Clinton Duodu

Personal information
- Date of birth: 20 June 2005 (age 21)
- Position: Forward

Team information
- Current team: Apollon Limassol
- Number: 17

Senior career*
- Years: Team / Apps / (Gls)
- 2020–2024: Bechem United / 96 / (7)
- 2024–: Apollon Limassol / 39 / (3)

= Clinton Duodu =

Ghanaian professional footballer

Clinton Duodu (born 20 June 2005) is a Ghanaian professional footballer who plays as forward for Cypriot First Division club Apollon Limassol.

== Career ==
===Bechem United===
Duodu started his professional career with Bechem United and was promoted to the senior team in August 2020 ahead of the 2020–21 season.
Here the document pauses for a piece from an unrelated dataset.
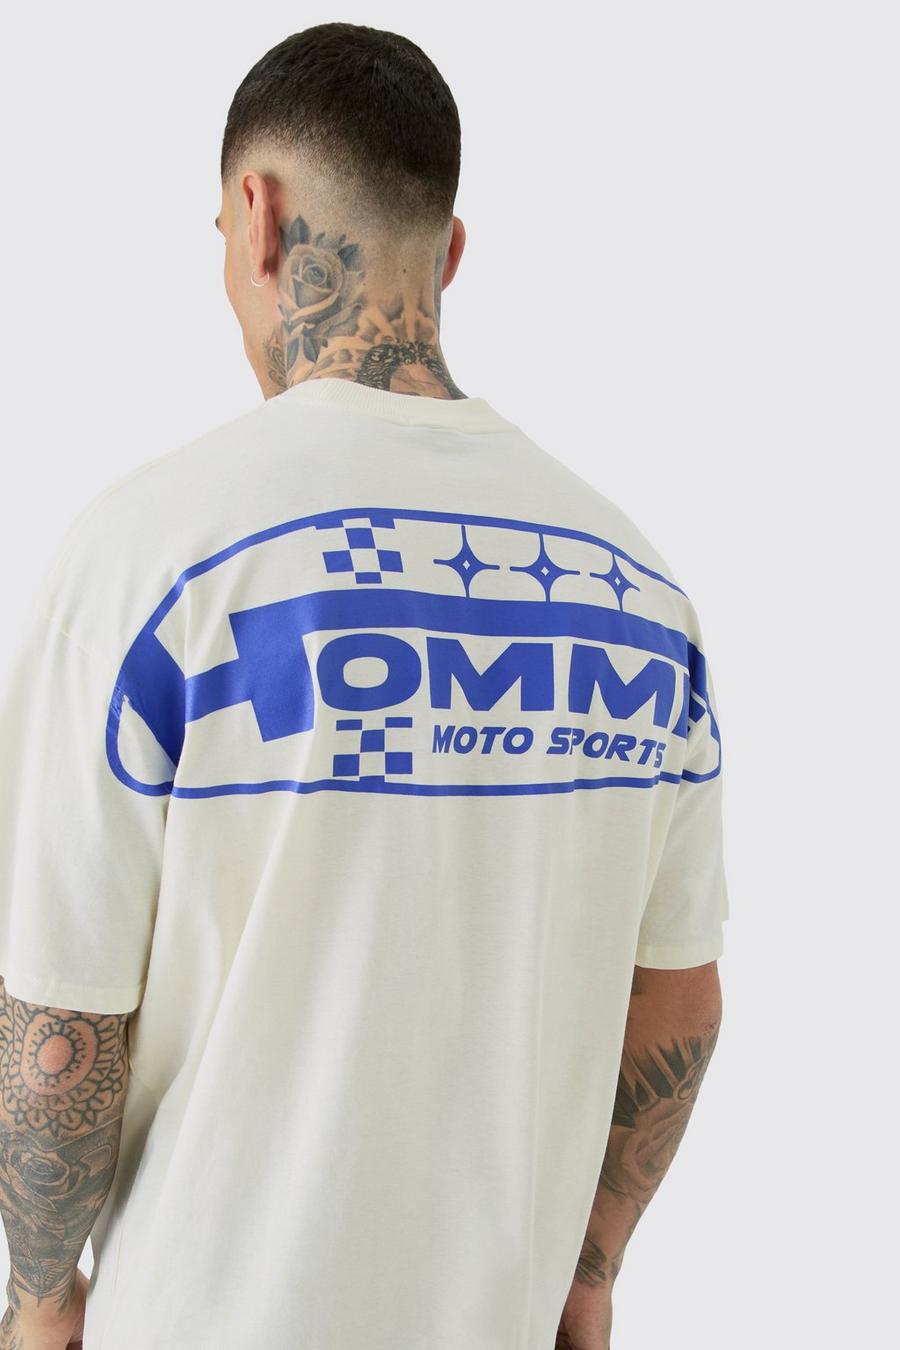 Camiseta Tall con estampado gráfico Homme Moto Sports en color crudo, Ecru image number 1

On 11 November 2020, during the first match of the season he was named on the bench for the match against Liberty Professionals. He however made his debut the following week at the age of 15 years, during match day 2 after coming on in the 62nd minute for Emmanuel Boakye Owusu in a 1–0 victory West African Football Academy (WAFA). He made his first full debut on 18 December 2020 against Karela United, and created the assist to Steven Owusu's goal in the 46th minute. The match subsequently ended in a 2–1 victory for Bechem. On 7 February 2021, he scored his debut goal after converting a penalty in the 13th minute in 3–1 victory over Accra Great Olympics.

In May 2022, Duodu was linked with a move to Portuguese Primeira Liga club Sporting CP.

In September 2022, Duodu was named by English newspaper The Guardian as one of the best players born in 2005 worldwide.

===Apollon Limassol===
On 6 September 2024, Duodu joined Cypriot First Division club Apollon Limassol on a three-year contract.